(Recorded data)
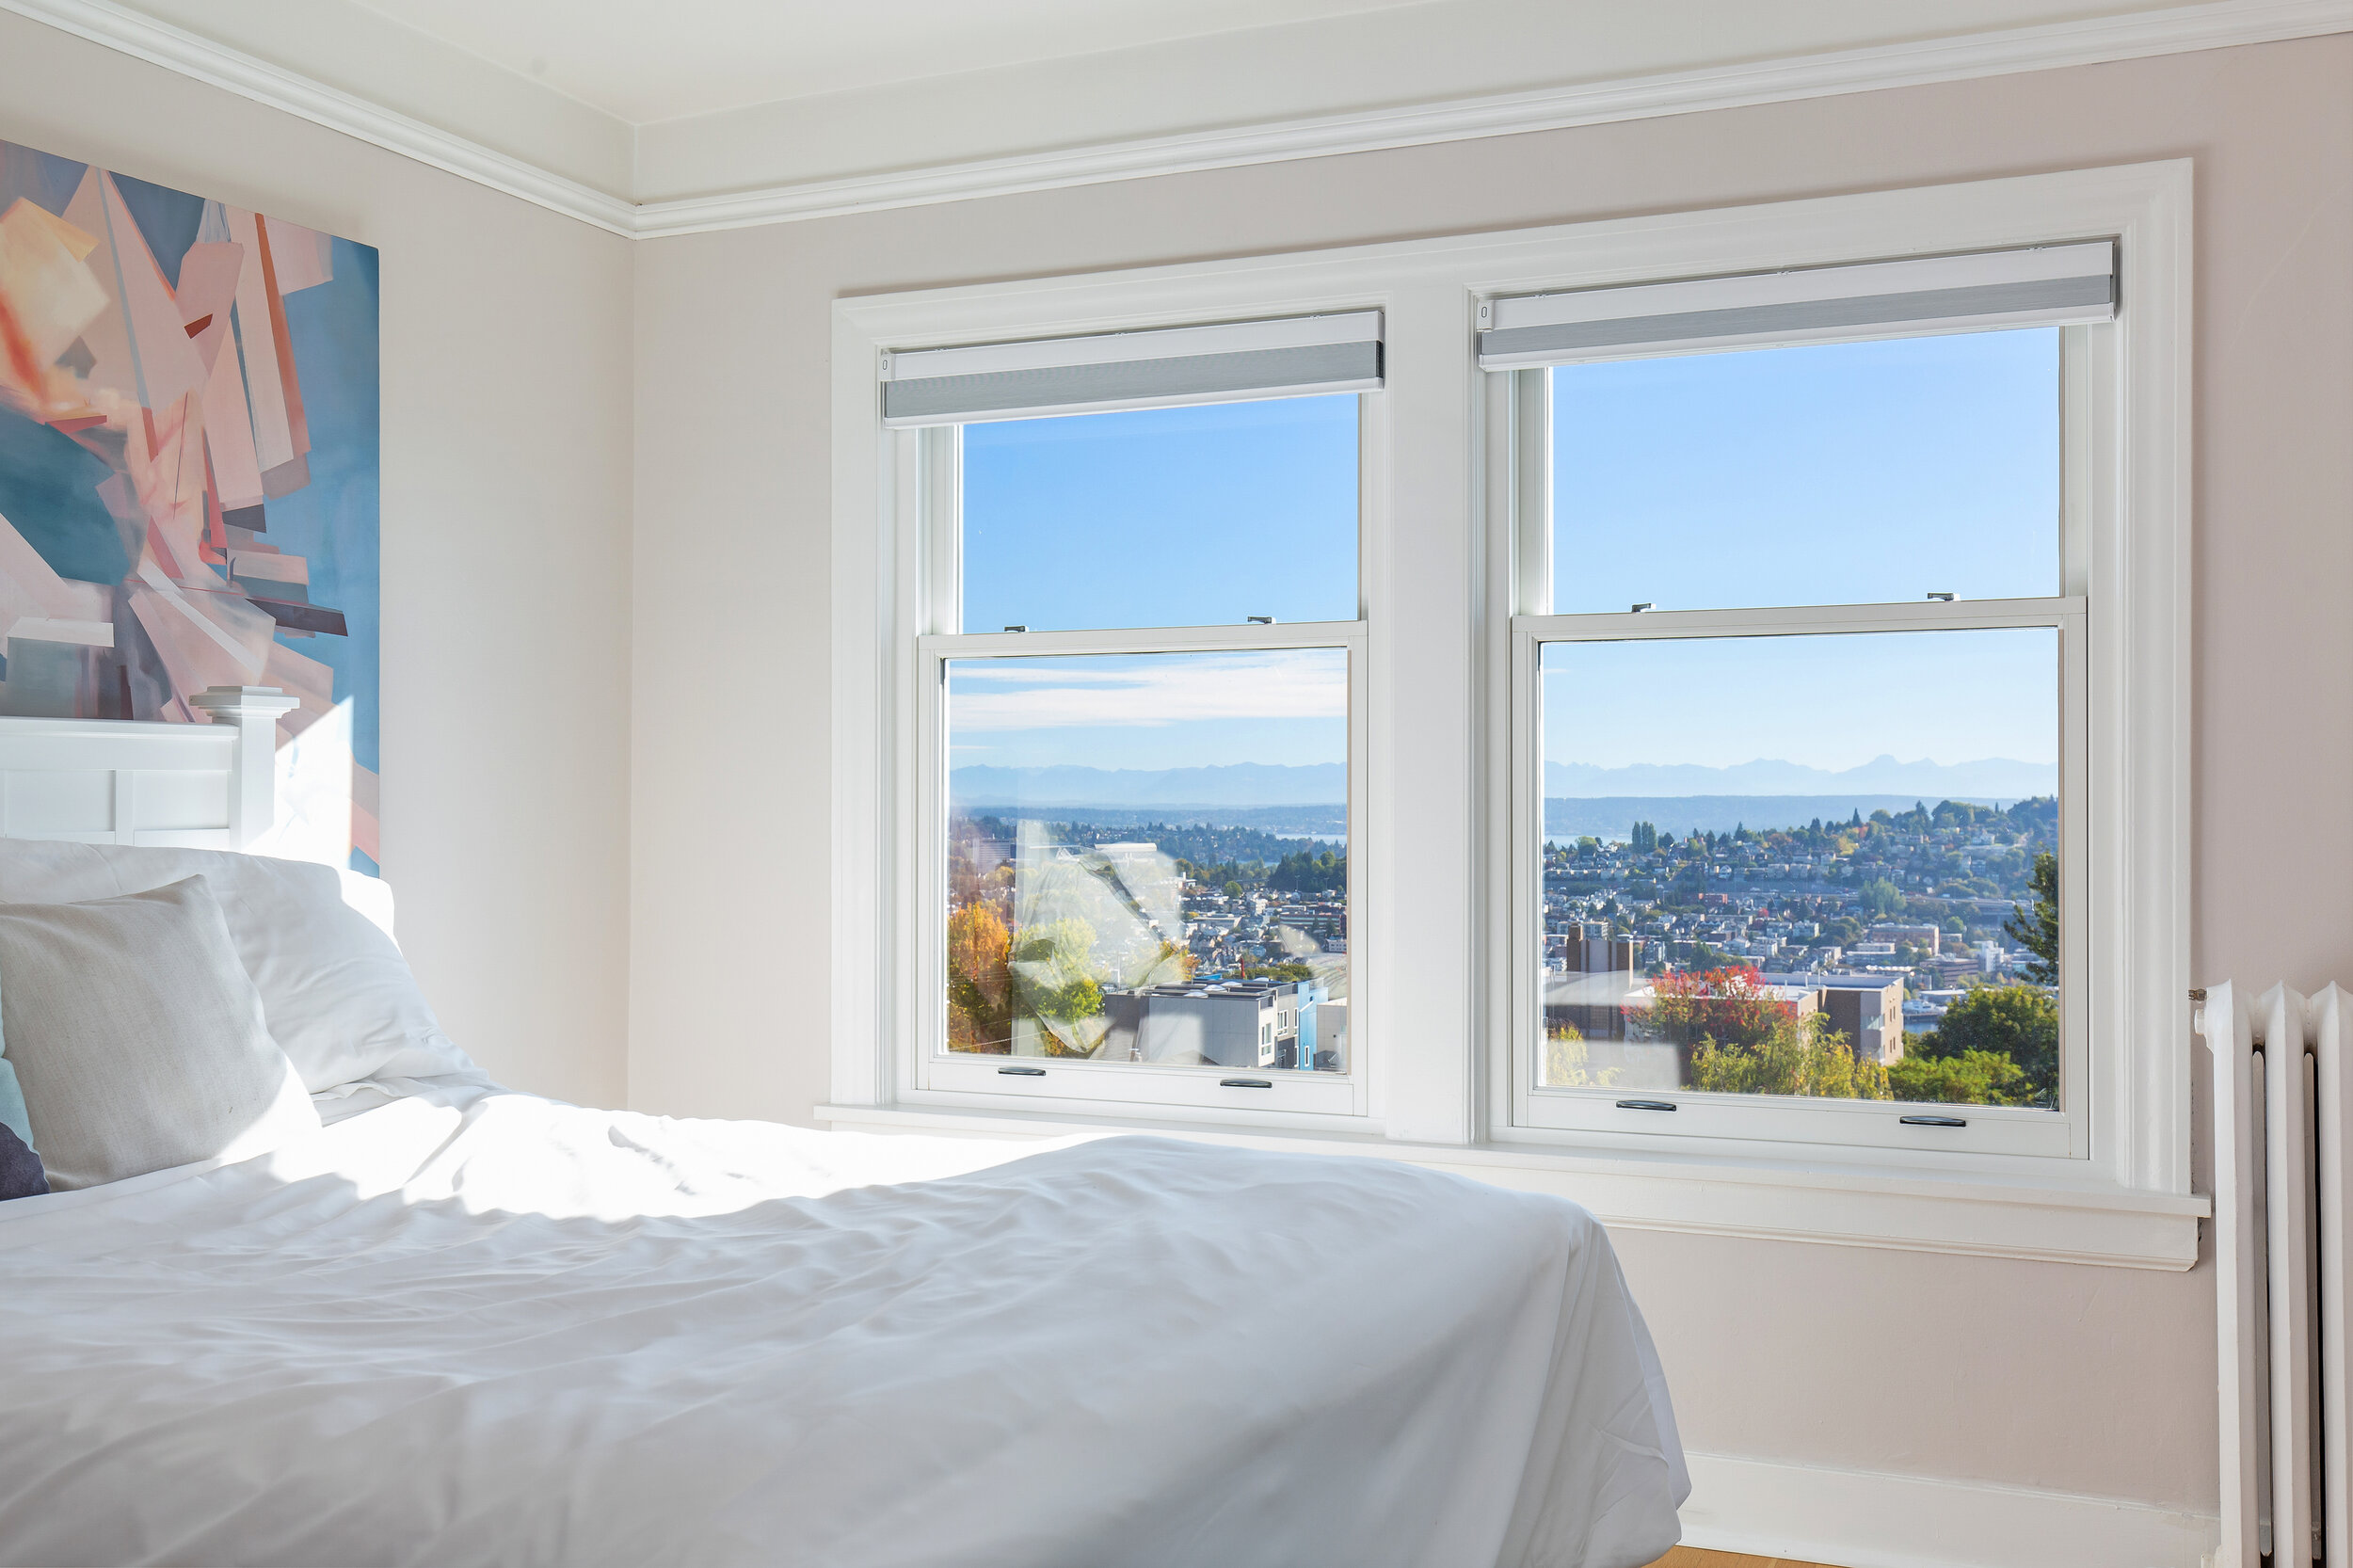  image description: interior bedroom with queen bed, and windows 
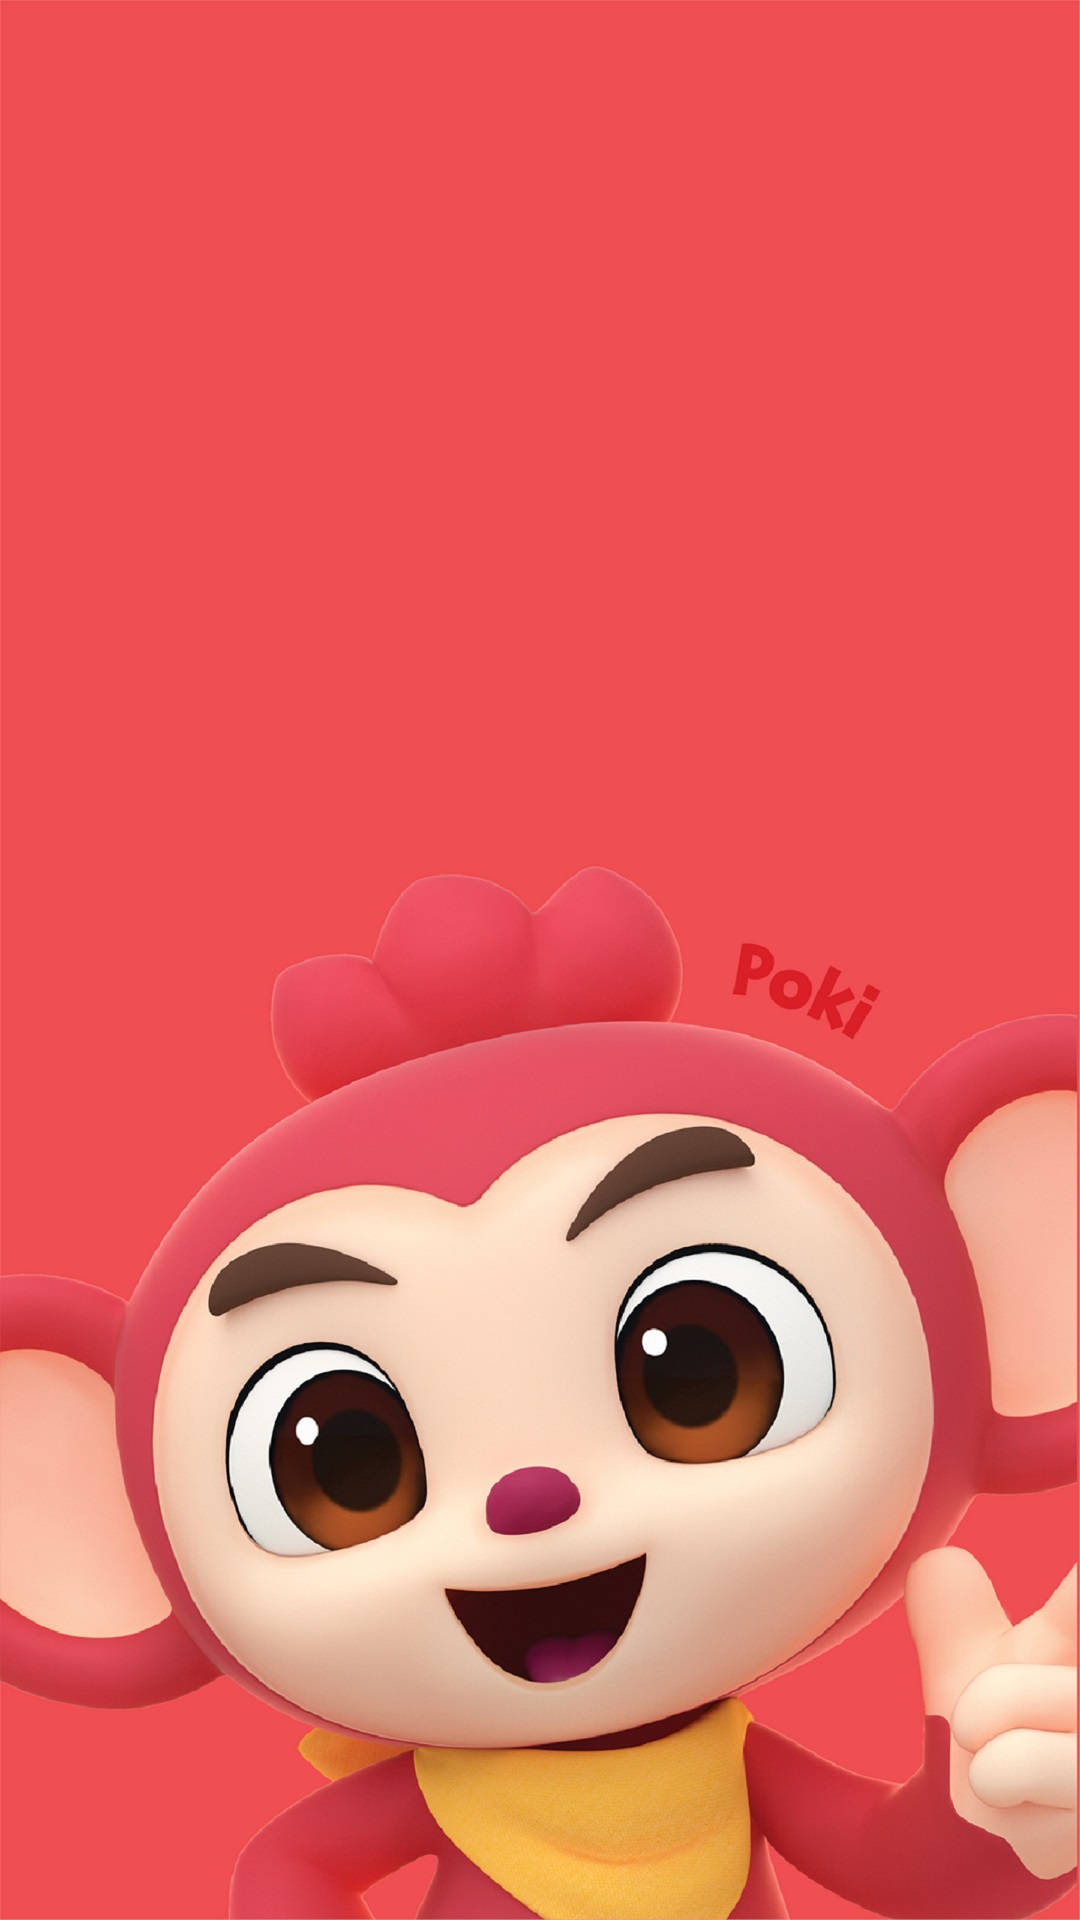 Pinkfong Poki Red Poster Wallpaper
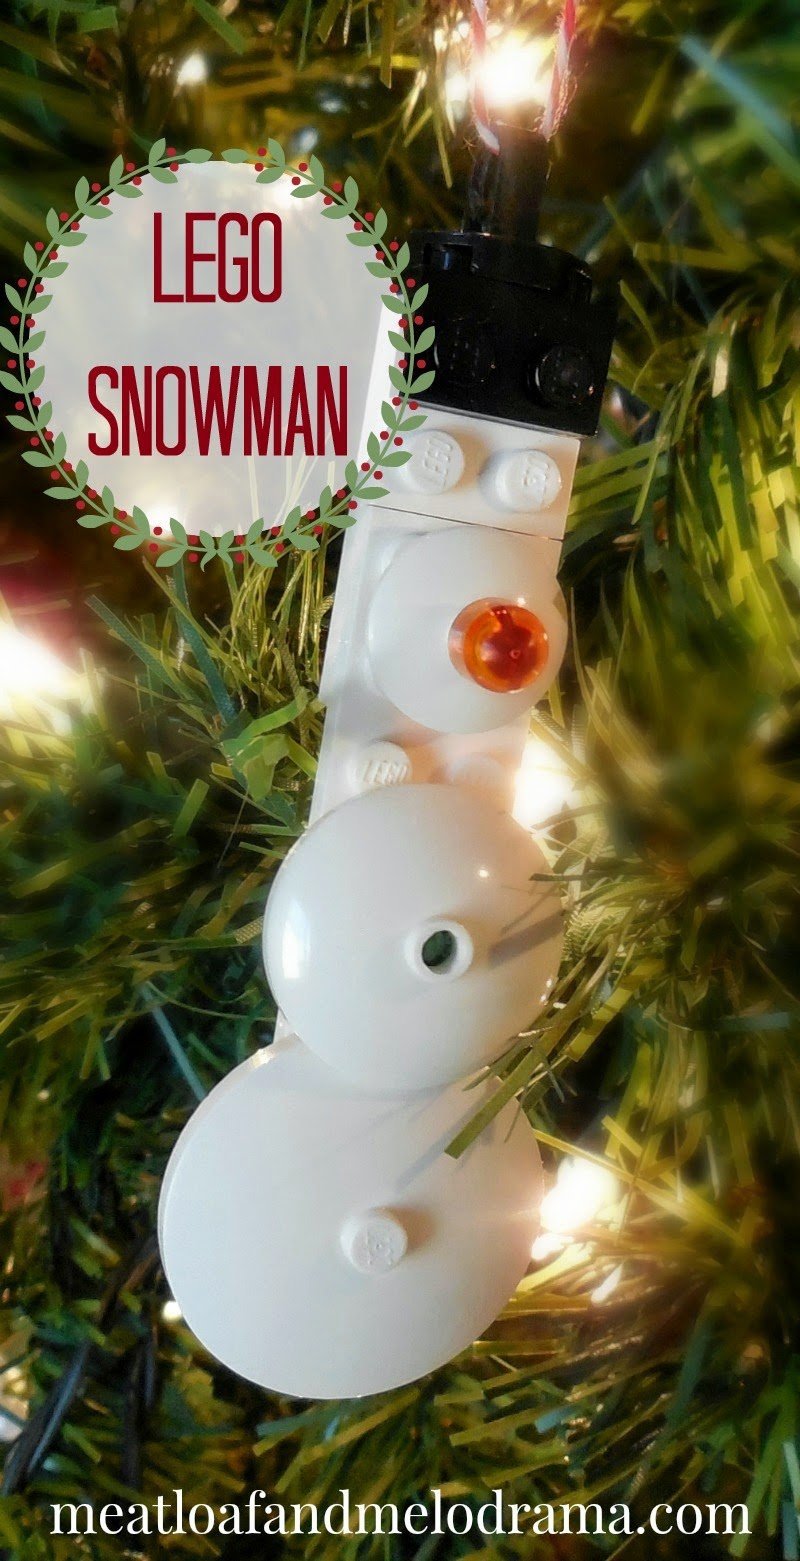 snowman ornament made from lego bricks
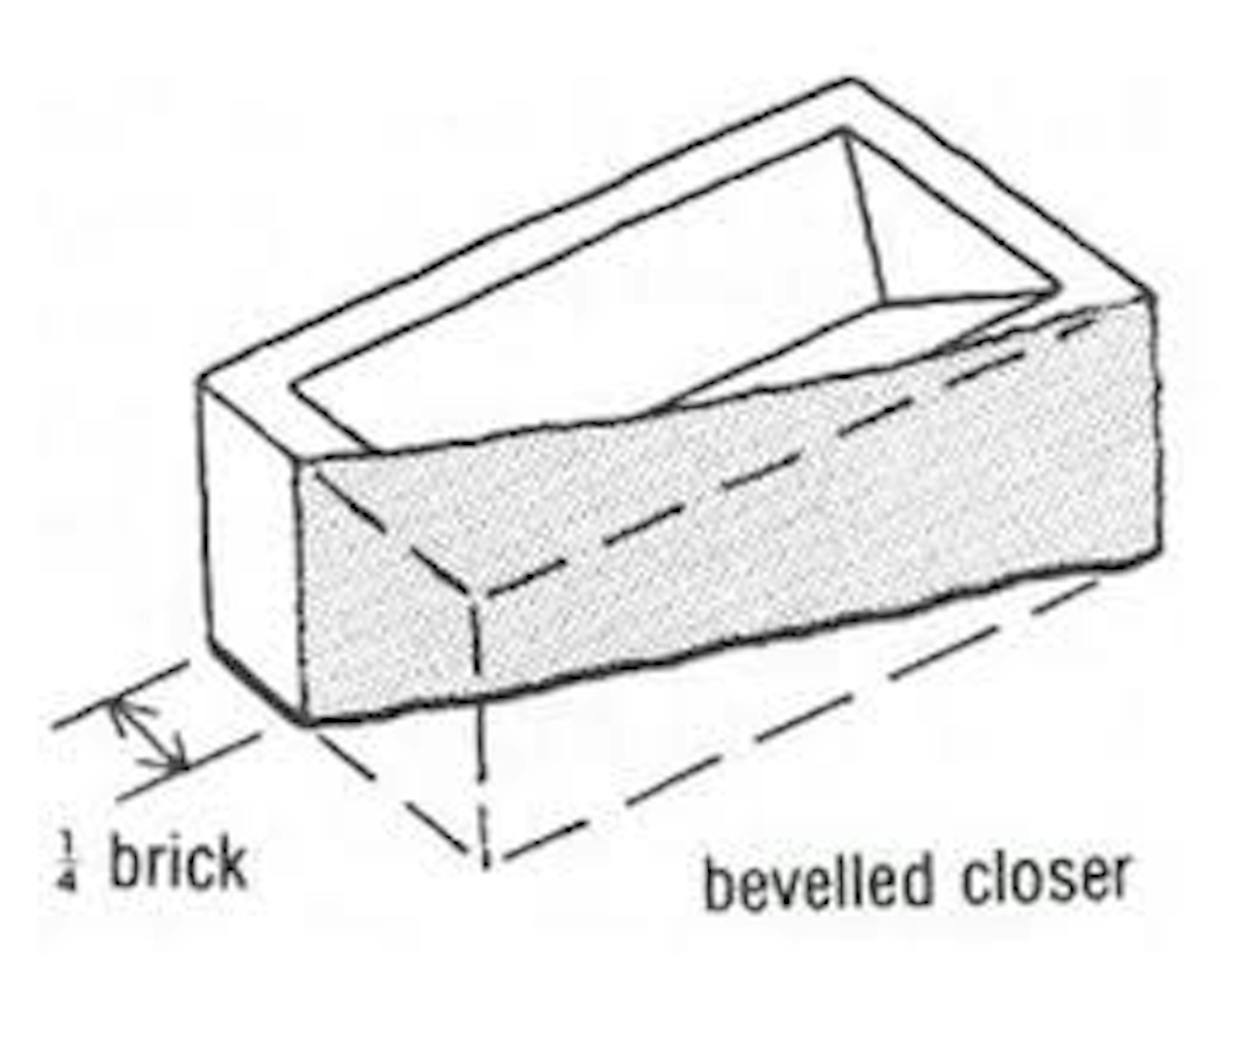 Explain in detail about closer bricks?
(End Recorded data)
» Exercise brief:
Output a faithful copy of the data, with each picture left out.

» Task result:
  image description: interior bedroom with queen bed, and windows 
 Pinkfong Poki Red Poster Wallpaper
 snowman ornament made from lego bricks
 Explain in detail about closer bricks?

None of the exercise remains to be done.